Project Overview
Collaborated with Cal Club Field Hockey to design and implement a comprehensive database solution that modernized data management across the club. The system spans player information, event management, merchandise tracking, and predictive analytics for player evaluation.
Database Relation and Schema
The schema follows strict normalization (BCNF) to ensure integrity, minimize redundancy, and optimize queries. Relations were first specified in detail, then validated through EER modeling before implementation in MySQL Workbench.
Synthetic Data Generation
To protect sensitive information while demonstrating functionality, I generated synthetic data based on real patterns.
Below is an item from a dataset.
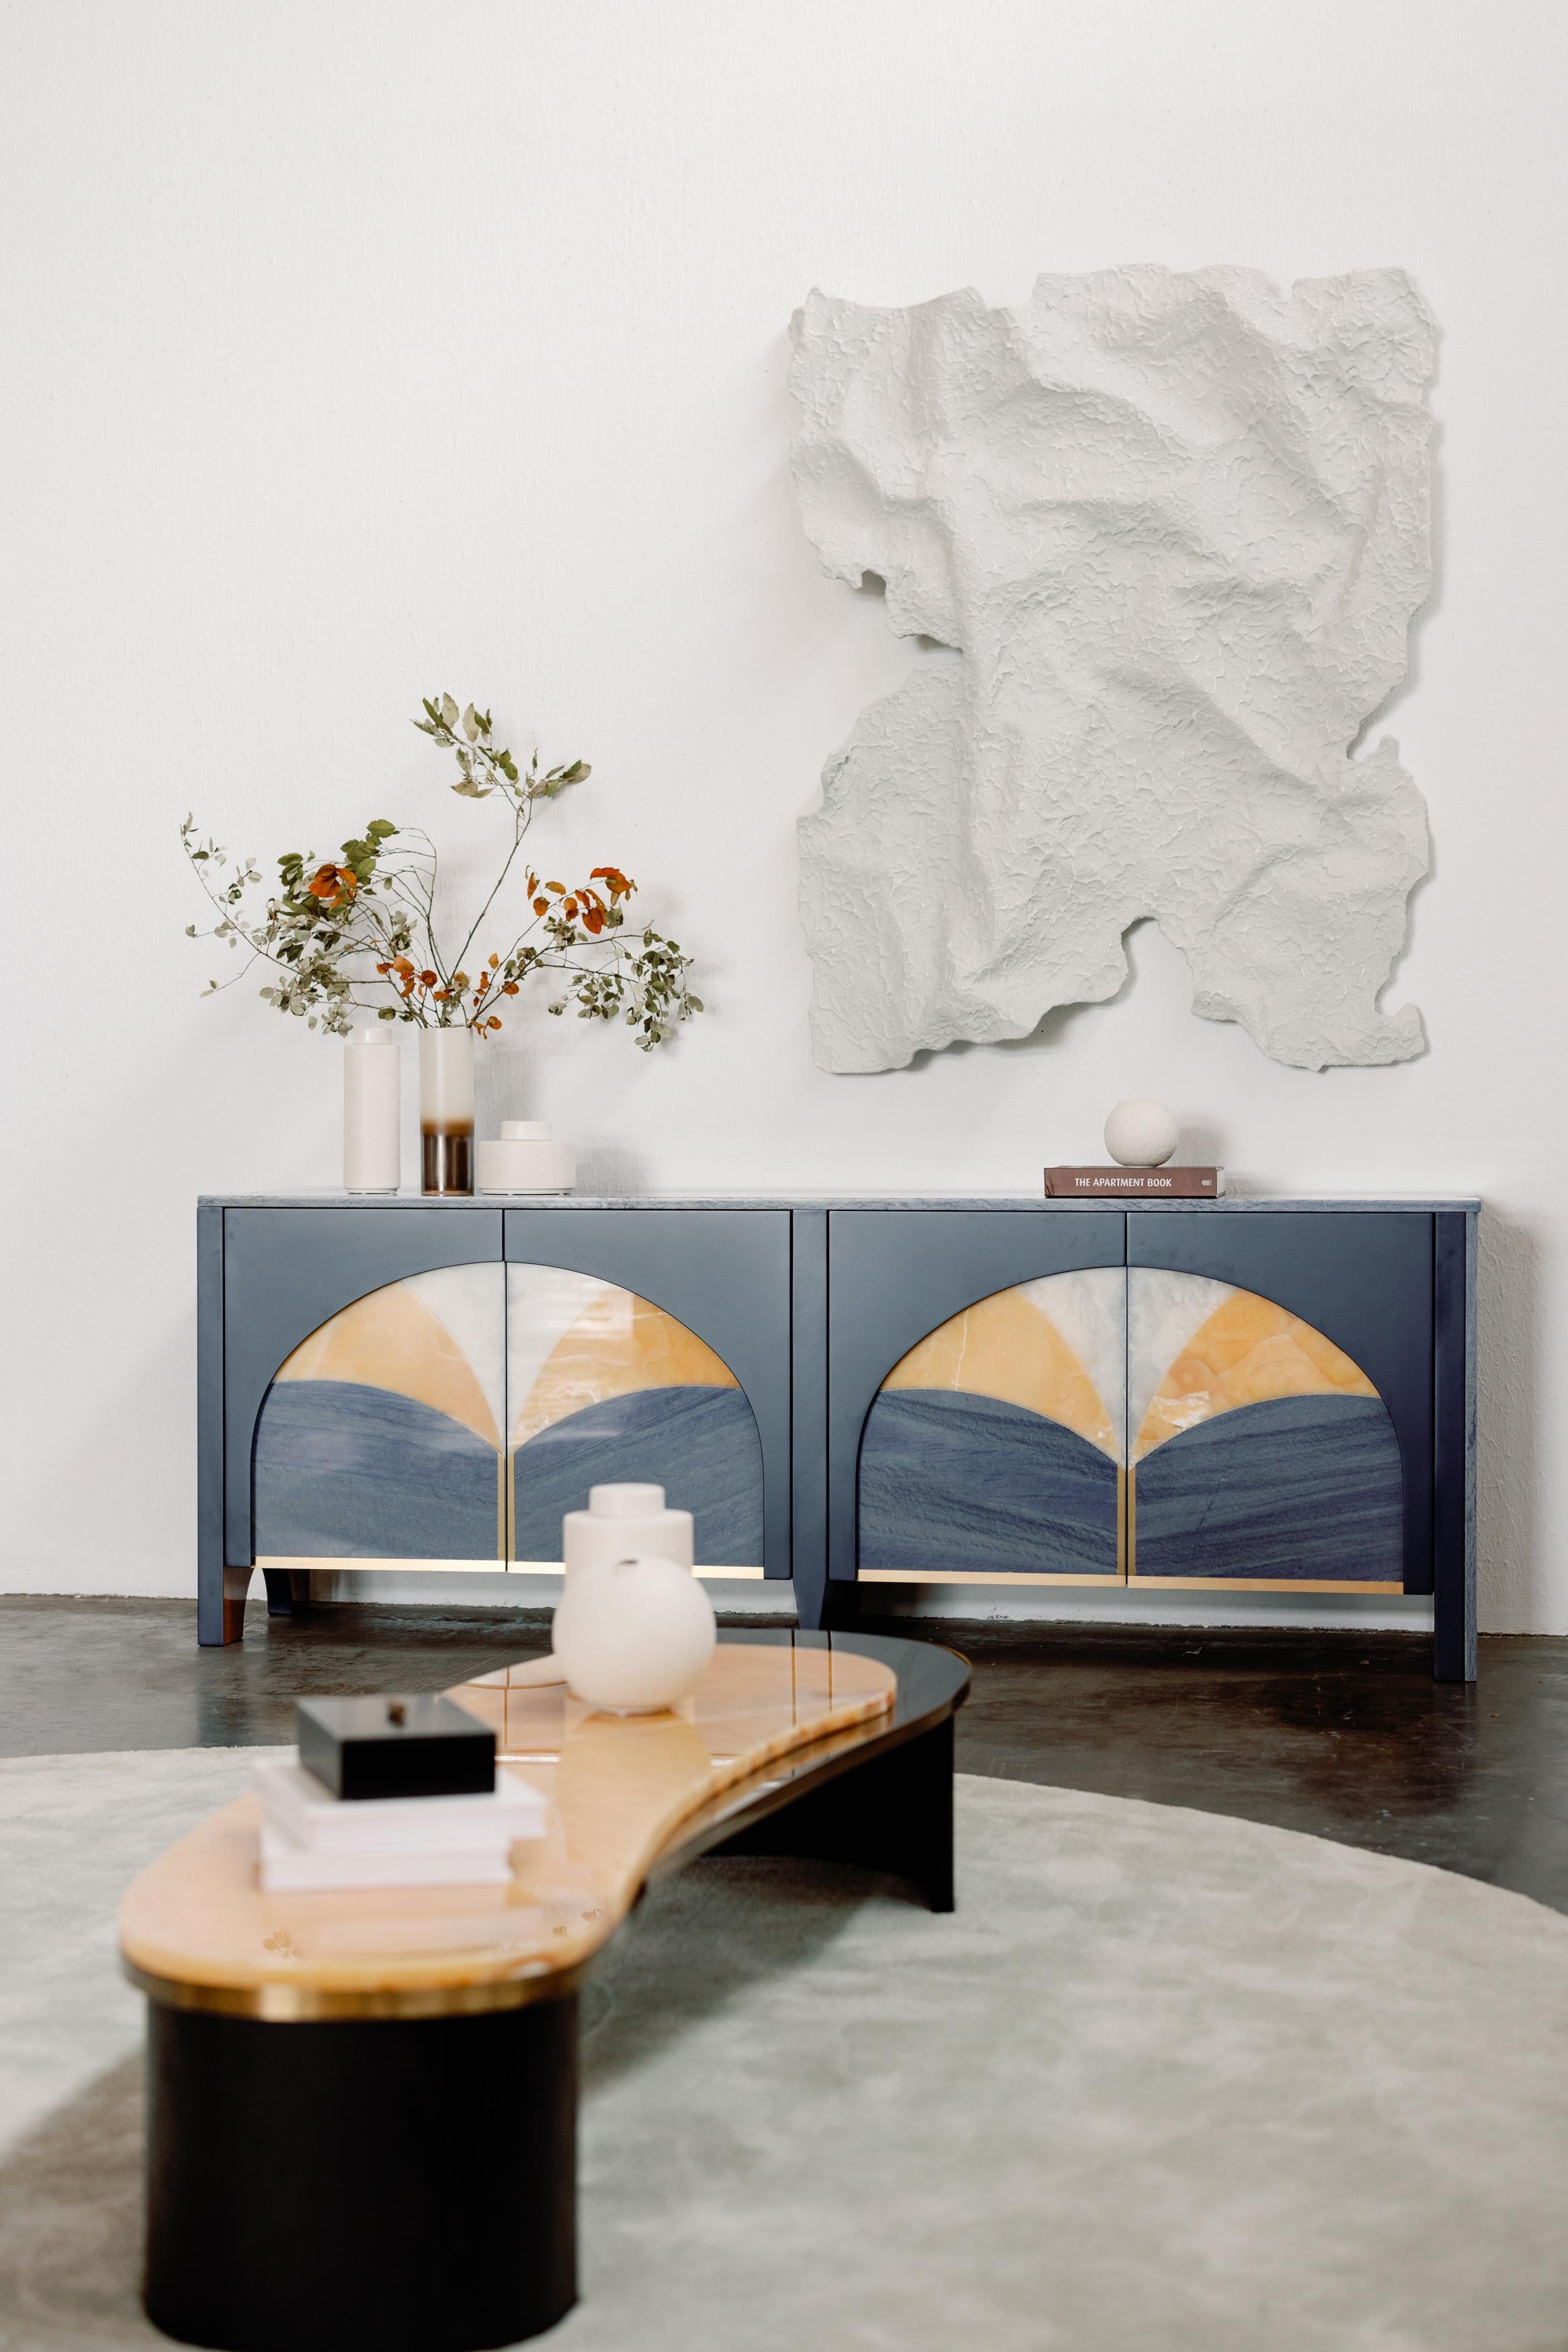 Armona Couchtisch, Collection'S Contemporary, handgefertigt in Portugal - Europa von Greenapple.

Der moderne Couchtisch Armona wurde von Rute Martins für die Contemporary Collection entworfen und ist eine Hommage an die natürliche Schönheit und die

Logic constraints maintained realism (e.g., goals never exceeding shots), enabling realistic demos without exposing private data.
Machine Learning Pipeline
- Performance metrics: goals, assists, minutes played, ratings
- Derived features: per‑90 stats, consistency scores
- Modeling: Random Forest (100 estimators) with 5‑fold cross‑validation
- Output: Player ranking and recognition support
Results & Impact
Delivered a functional, production‑ready database replacing spreadsheets and paper workflows. The system enables efficient entry, retrieval, and analytics across the club, while the ML model provides an objective perspective on player evaluation and awards.
Technologies Used
- MySQL Workbench
- Python
- Pandas & NumPy
- Scikit‑Learn
- Git & GitHub
Key Achievements
- 62 normalized tables
- BCNF normalization
- 92.5% model accuracy (internal validation)
- Production‑ready deployment